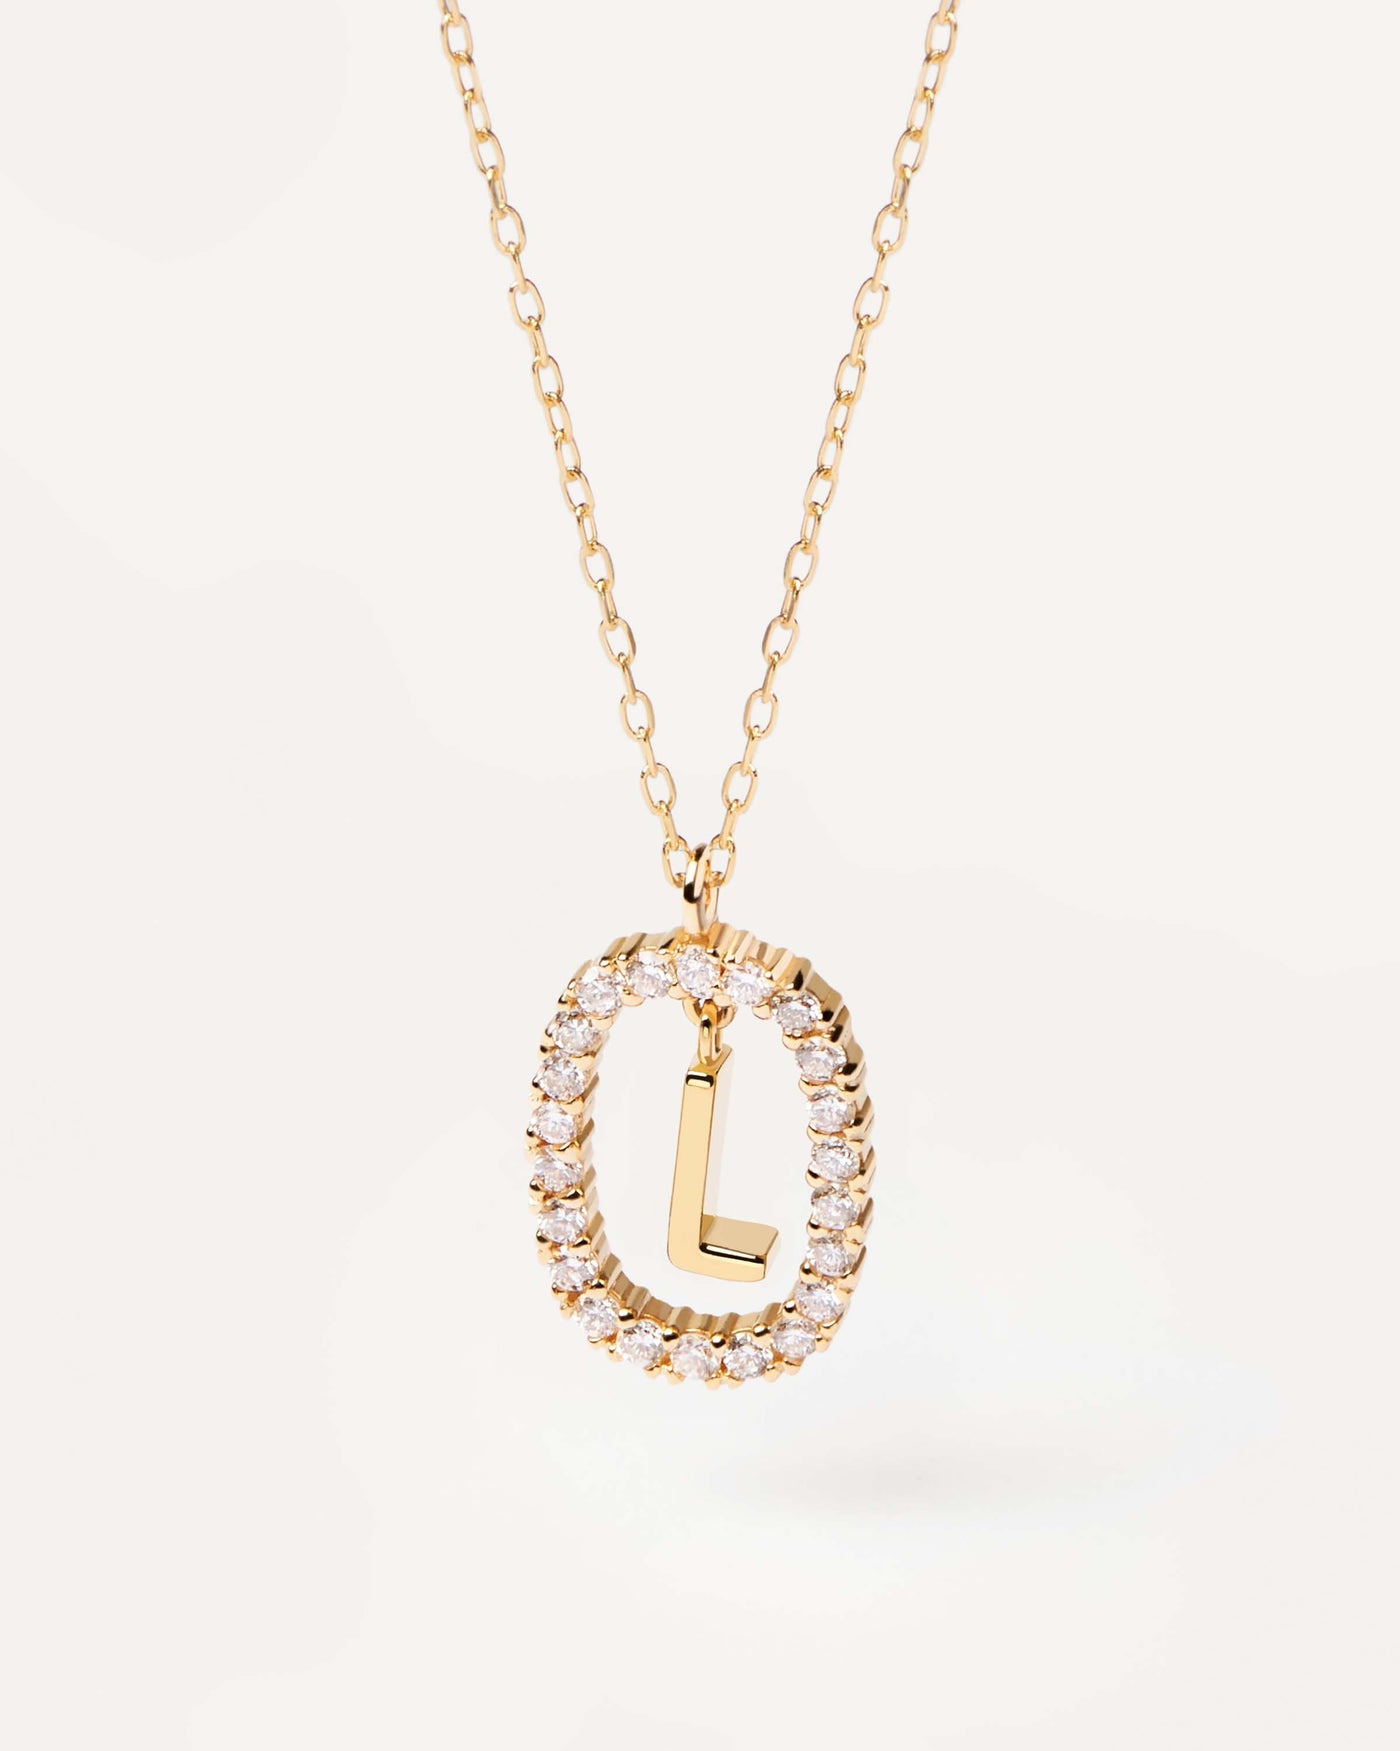 GoldHalskette mit Diamanten Buchstabe L. Erstes L-Halskette in soliden Gelbgold, umkreist von 0,33 Karat-Labor-Diamanten. Erhalten Sie die neuesten Produkte von PDPAOLA. Geben Sie Ihre Bestellung sicher auf und erhalten Sie diesen Bestseller.
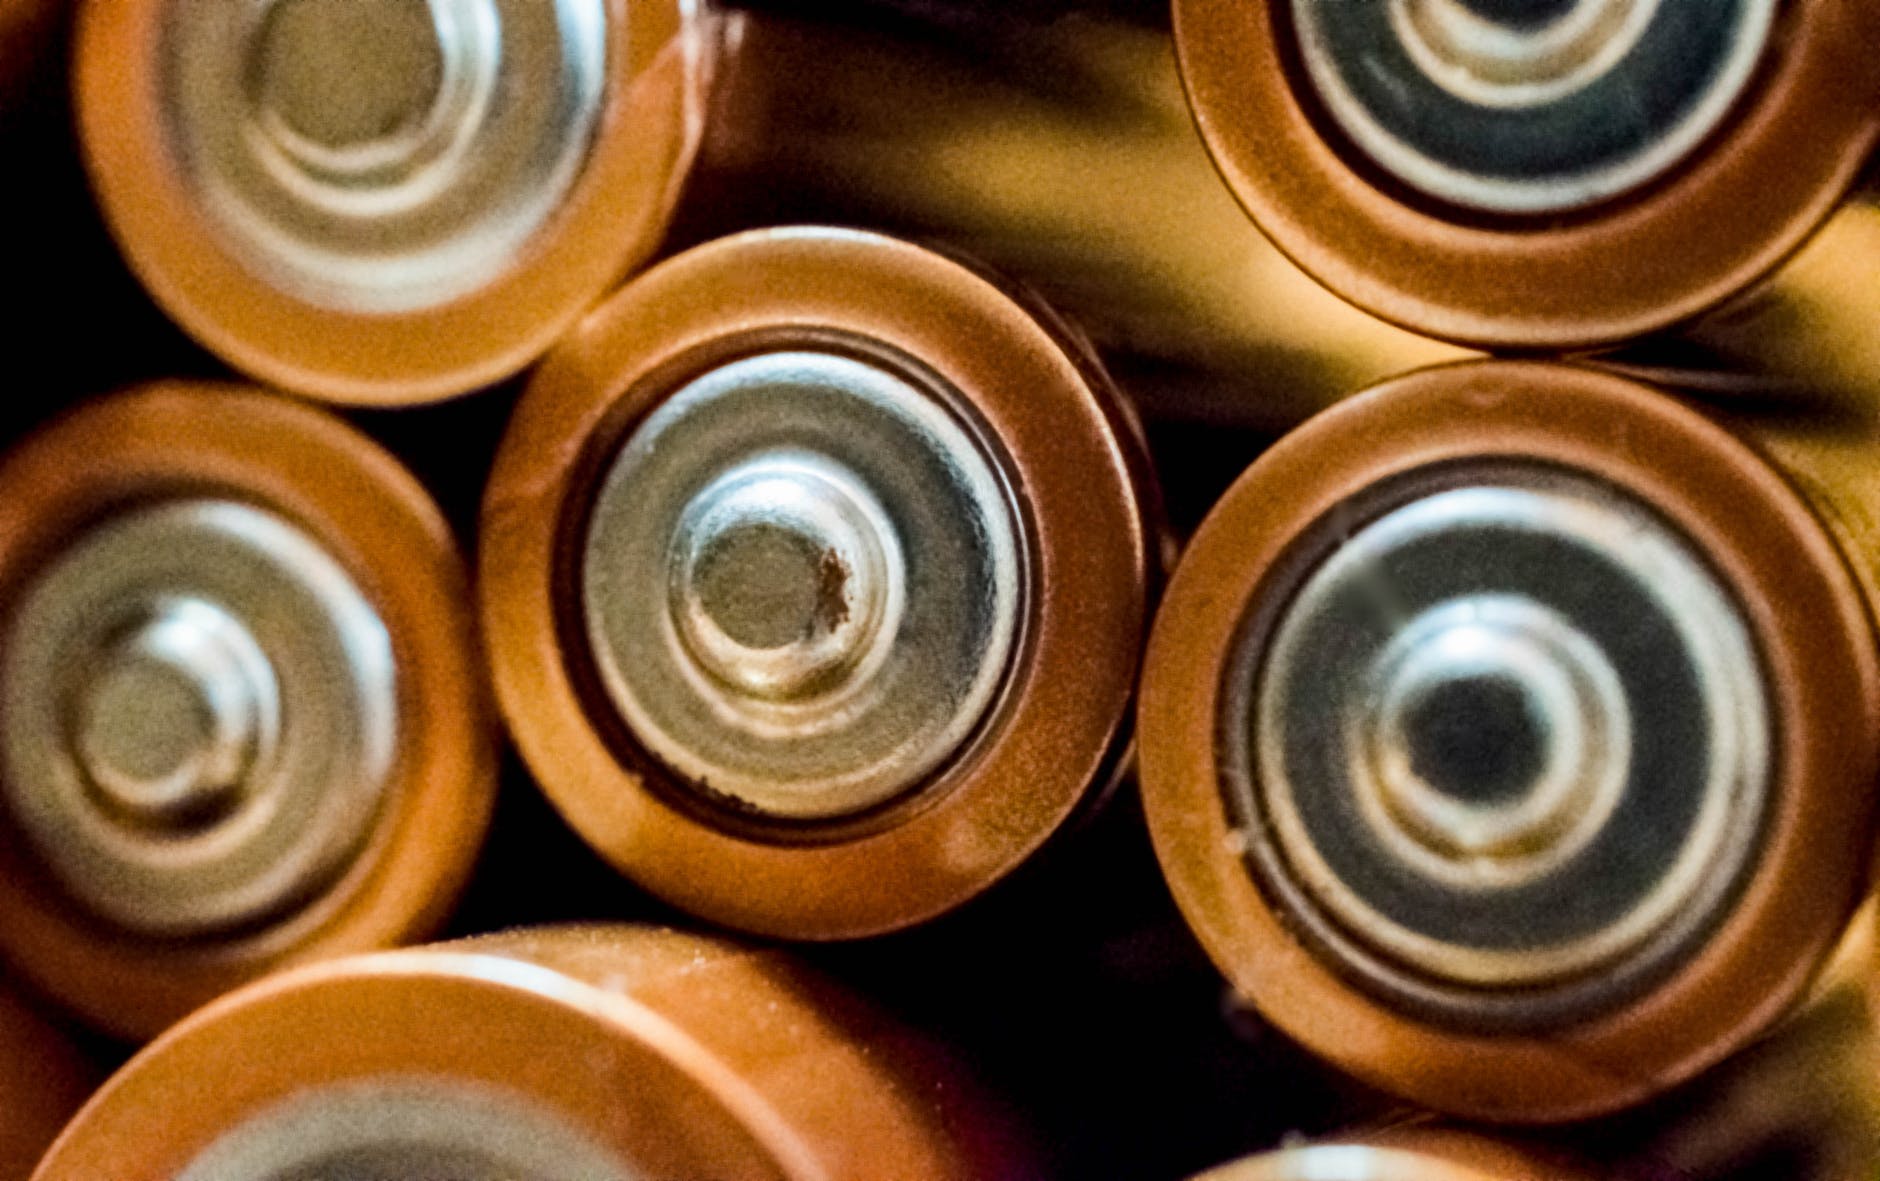 Disposable Batteries
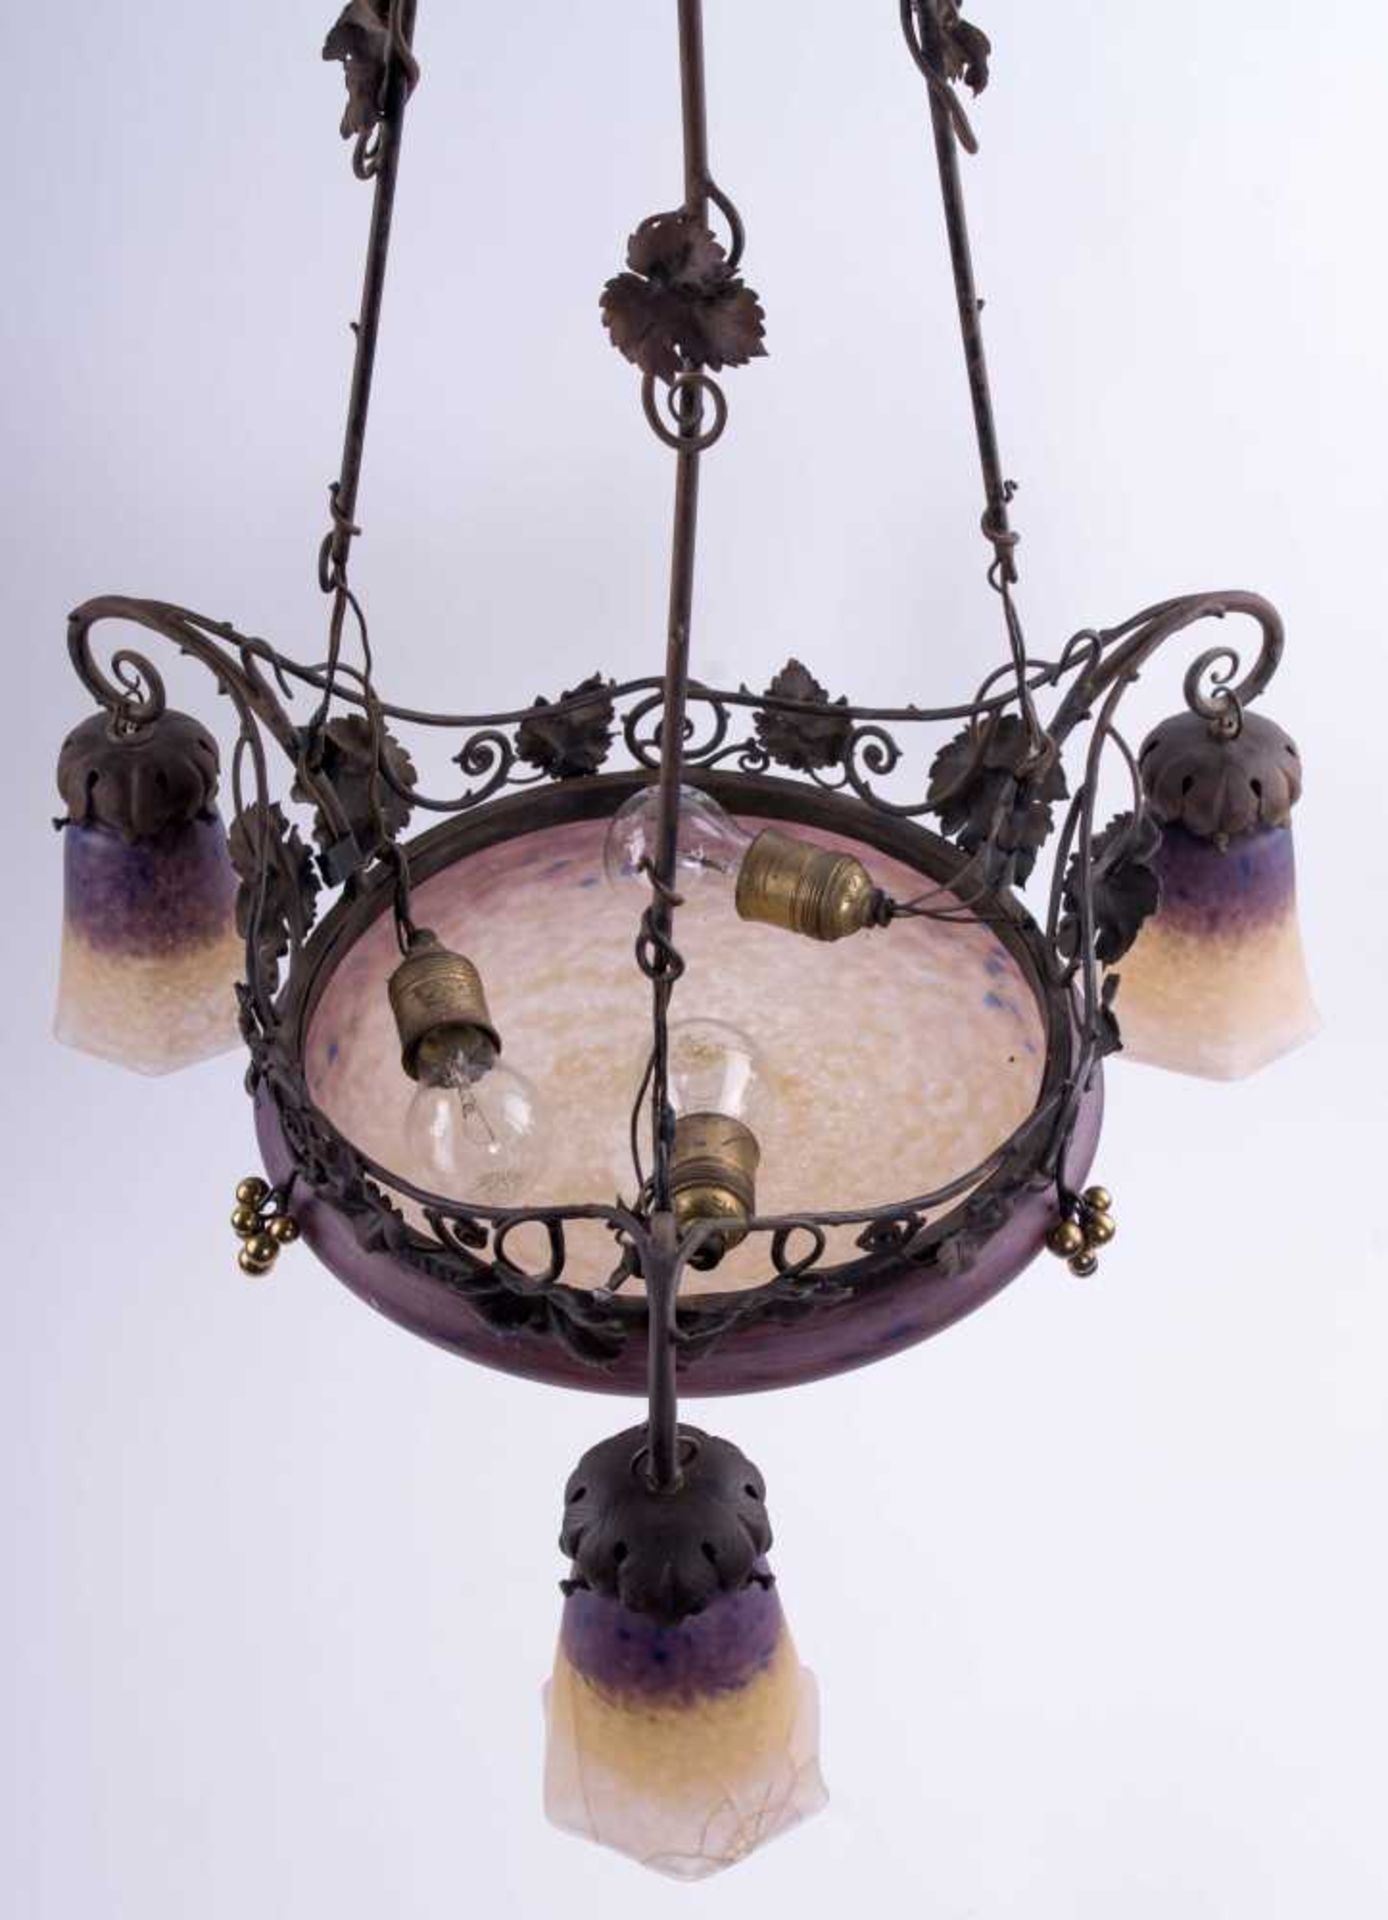 Jugendstillampe / Art Nouveau lamp Violet-weiß farbiges Glas, schmiedeeisernes florales Dekor, - Bild 3 aus 5

════════

**WHAT THE TASK REQUIRES:** Find the line containing "Disposable Batteries" in the listing above. Restate it and every line after it, word for word, through the final line, leaving out the pictures.

**YOUR RESPONSE:**
 Disposable Batteries
 Jugendstillampe / Art Nouveau lamp Violet-weiß farbiges Glas, schmiedeeisernes florales Dekor, - Bild 3 aus 5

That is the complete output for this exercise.